Can it be done easily without using BeautifulSoup?
Note that in the example, there's only one setid and one docid but the actual file has more than one of those.
Since what you have is an HTML with an appearance like XML, you can't go for XML based tools. In most cases your options were
Implement SAX parser
use BS4 (which you are already doing)
Use lxml
In any case you will end up spending more time and effort and have a bigger code to handle this. What you have really sleek and easy.
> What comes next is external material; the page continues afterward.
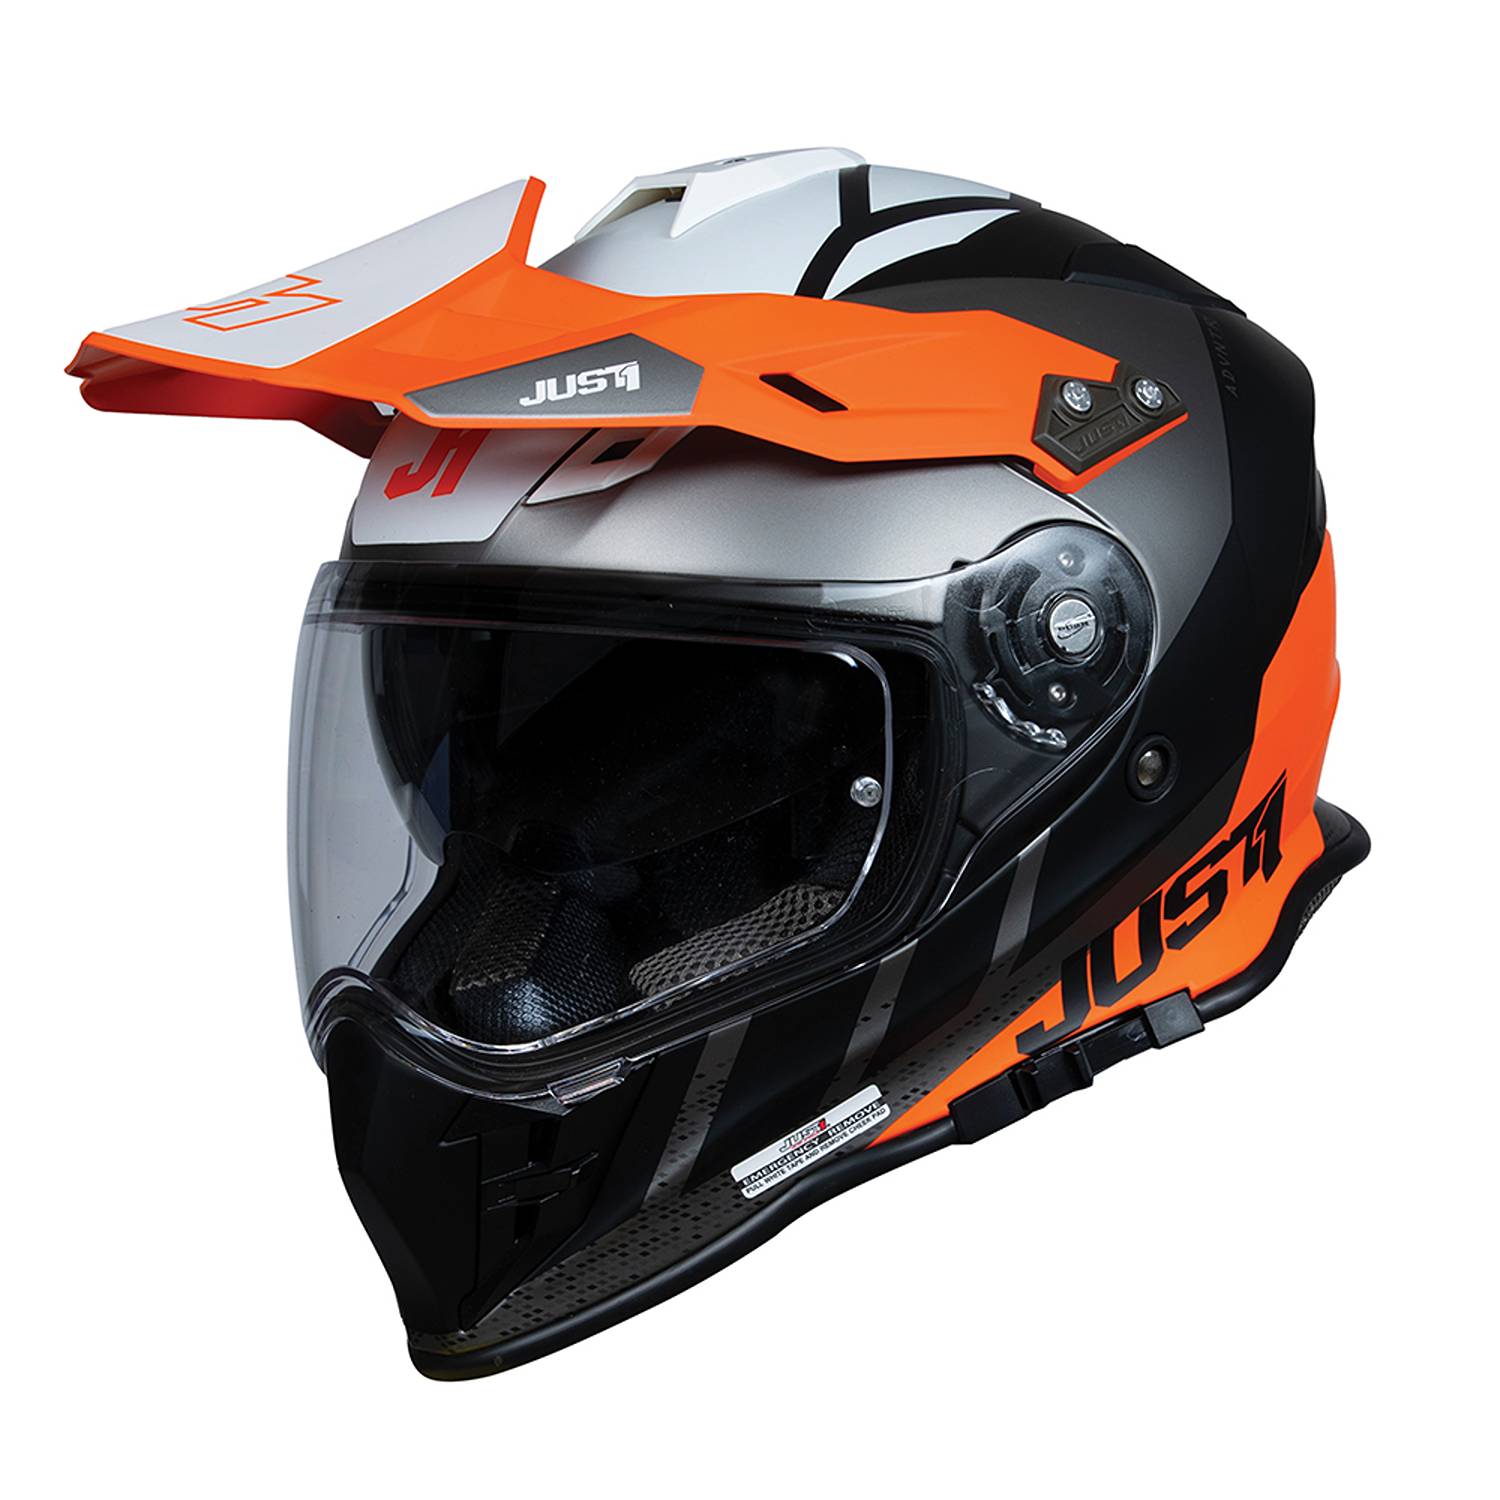 Just1 Helmet J34 Pro Outerspace Orange Titanium Matt Adventure Helmet Size S

I wouldn't look for another solution if I was you.
PS: What simpler could it be than a 10 liner code!
I don't know if you'll find this simpler, but here's an alternative, using lxml as others have suggested.
Step 1: Convert the XML data into a normalized table (a list of lists)
from lxml import etree
tree = etree.parse('source.xml')
segs = tree.xpath('//seg')
normalized_list = []
for seg in segs:
srcset = seg.getparent().getparent().getparent().attrib['setid']
doc = seg.getparent().getparent().attrib['docid']
normalized_list.append([srcset, doc, seg.attrib['id'], seg.text])
Step 2: Use defaultdict like you did in your original code
d = defaultdict(lambda: defaultdict(dict))
for i in normalized_list:
d[i[0]][i[1]][i[2]] = i[3]
Depending on how you're keeping the source file, you'll have to use one of these methods to parse XML:
tree = etree.parse('source.xml'): when you want to parse a file directly - you won't need StringIO. File is closed automatically by etree.
tree = etree.fromstring(source): where source is a string object, like in your question.